When Trimble has gone, Brown seems more aware of the things that Trimble had mentioned: the feel of things when he touches them, such as the texture of his coat and the granite of the building he stands outside.

‘The Lost Decade’: analysis

‘The Lost Decade’ is, first and foremost, a story about alcoholism and how it leads people to lose their memory and fail to experience and appreciate the things around them. Although he has been living in the city and dining in its restaurants for the last ten years, the effects of alcohol have meant that Trimble may as well have been living somewhere else entirely. Indeed, Trimble cannot even remember the Armistead building: a building he himself designed.

Fitzgerald cleverly constructs the story around these two men who have just met, with a mystery that deepens as the story progresses. Initially, Brown wonders where his companion has been for the last decade:

‘You’ve been out of civilization?’

‘In a sense.’ The words were spoken in such a measured way that Orrison concluded this man wouldn’t talk unless he wanted to – and simultaneously wondered if he could have possibly spent the thirties in a prison or an insane asylum.

But then, as they are leaving the restaurant in which they dine together, another twist: Trimble can’t have been in prison or otherwise incarcerated, because he reveals that he dined in that very restaurant only the previous year. So what happened? The mystery deepens: how can he have been ‘out of civilisation’ – at least ‘in a sense’ – and yet, clearly, in it?

When Fitzgerald reveals the solution to the mystery in the story’s closing paragraphs, everything becomes clear, including why Trimble’s name would have ‘evoked some vague memory’ within Brown’s mind when he first heard it (Louis Trimble, we learn, is an architect and designer so this is presumably where Brown had heard the name).

Of course, Trimble’s lack of connection to, and memory of, his last ten years in the city in which he has continued to live, is down to the effects of alcohol: he has been too drunk to appreciate and sense things when they were happening, and then drink eroded his memory of things once they had happened.

But Trimble’s drunken stupor is also mirrored, on a more subtle level, by Brown’s own lack of understanding of his companion. He experiences the city attended by Trimble’s own confusion, in a sense, because he is still in the dark about his companion’s back-story and why he takes such an interest in the backs of people’s heads and the material their clothes are made from.

When the truth is revealed at the end, he, too, has an awakening, a kind of epiphany (something common to many modernist short stories of the early twentieth century), and develops a new-found appreciation for the feel of his clothes and the buildings of the city.

Fitzgerald focuses this epiphany not on seeing or the visual but on a different sense: touch. Indeed, even though Trimble states several times that he wants to see people and things, such acts of seeing are focused on a more complex intersection of different senses:

‘I’ve been in it – lots of times. But I’ve never seen it. And now it isn’t what I want to see. I wouldn’t ever be able to see it now. I simply want to see how people walk and what their clothes and shoes and hats are made of. And their eyes and hands. Would you mind shaking hands with me?’

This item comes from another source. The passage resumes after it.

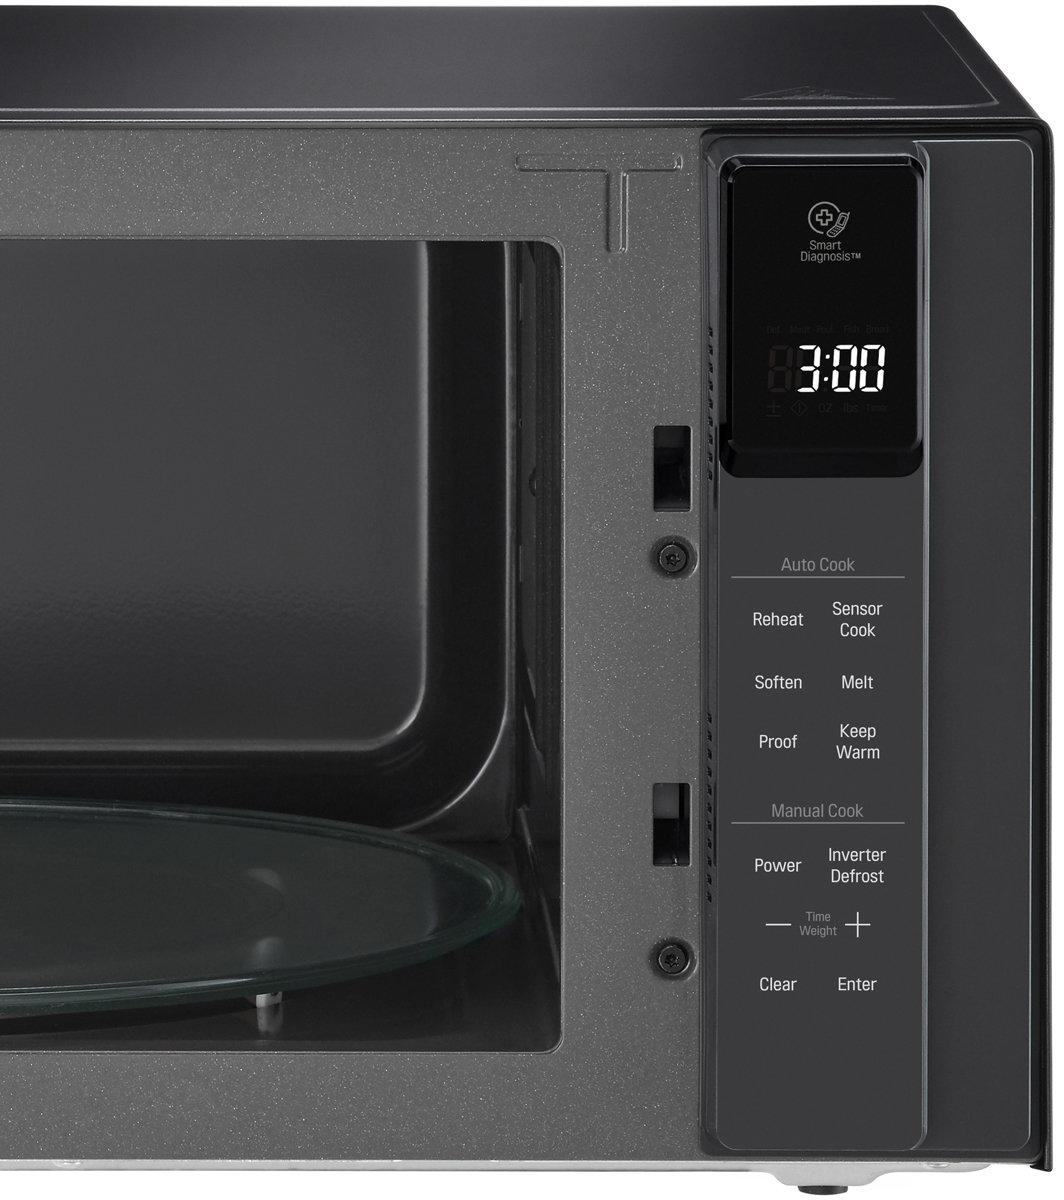 lg ms4296obss 42l neochef smart inverter 1200w black microwave oven

This delicately and cleverly shifts with each new clause: he has been in the Armistead building and yet he has never seen it. He has never seen it and yet he doesn’t want to. He doesn’t want to see it and couldn’t see it even if he did want to, because he has lost the ability to appreciate the building he designed.

He wants to see people but really he wants to ‘see’ what their clothes and shoes and hats are made of, and wants to experience the movement of people as they go about their lives: an experience not confined to the visual but taking in a more complex kinetic awareness of sights, sounds, movement, texture, and so on.

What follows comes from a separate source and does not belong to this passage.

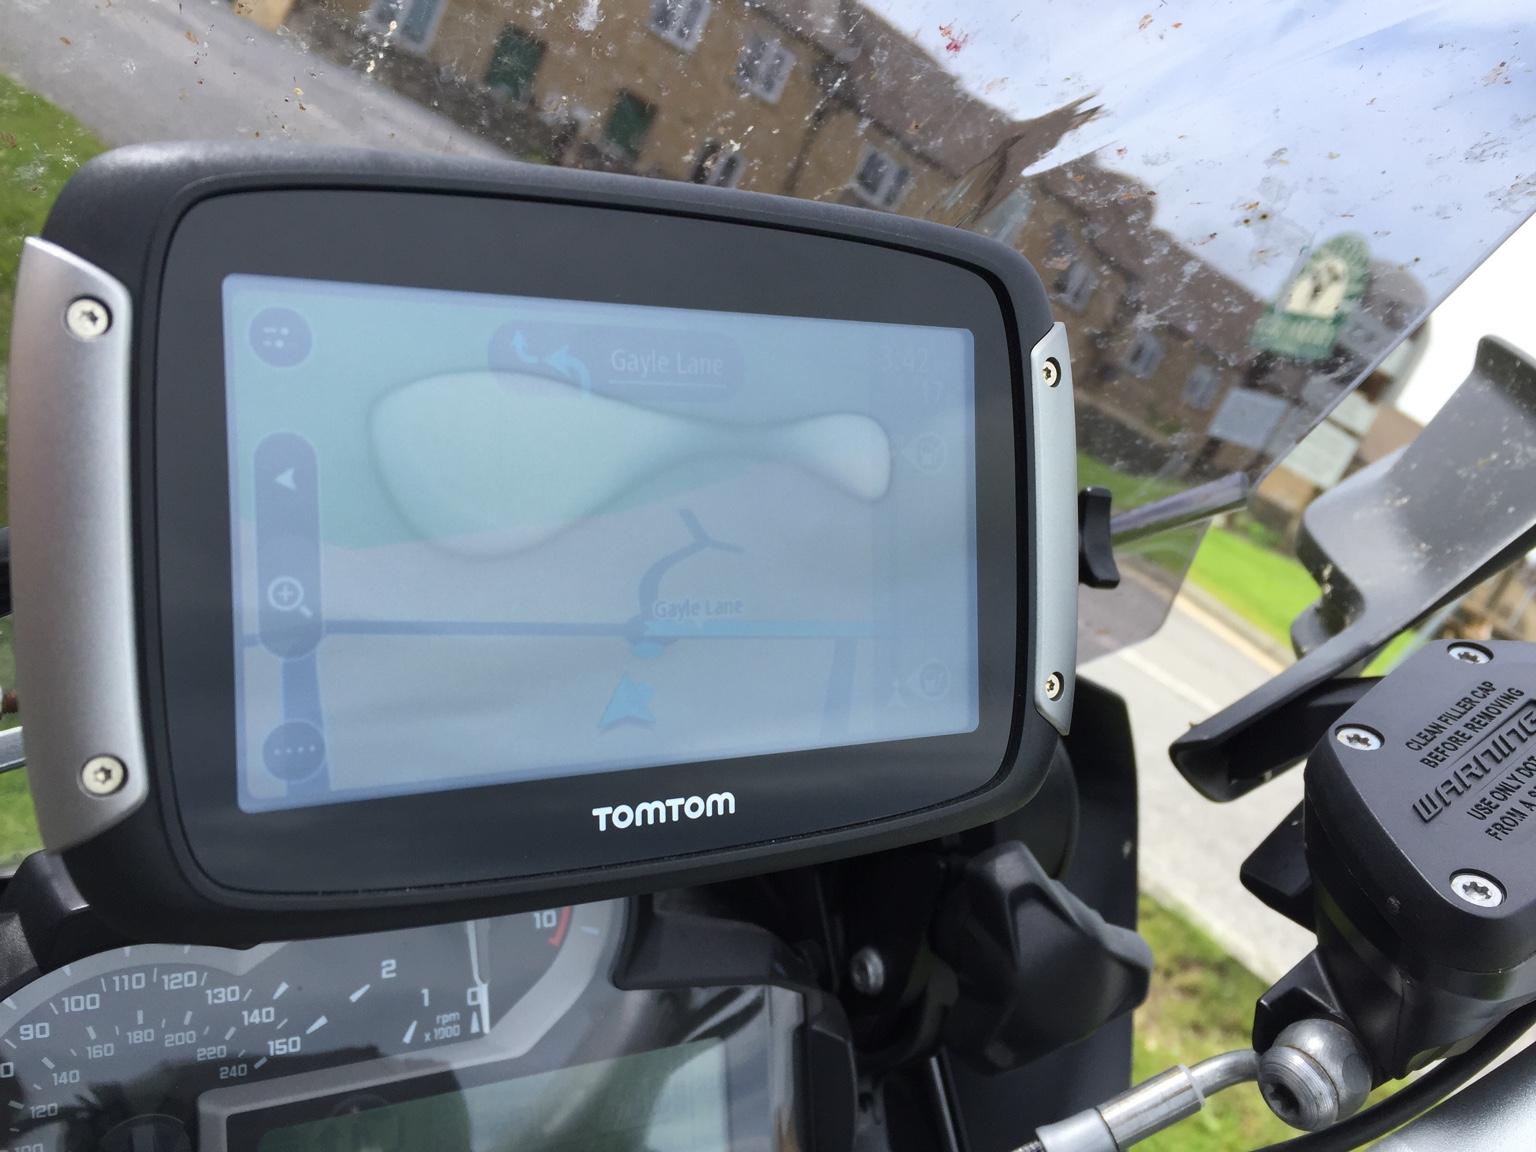 Tomtom Rider 400 screen condensation

And then that final question, asking Brown to shake hands with him: an experience grounded not in the visual (although he is now aware of how others will view the act: ‘I suppose it looks strange – but people will think we’re saying good-bye’) but in the tactile or haptic. A strong connection between two people. ‘The Lost Decade’ is about getting back ‘in touch’ with the world, and about ‘feeling’ in a very tangible and direct sense.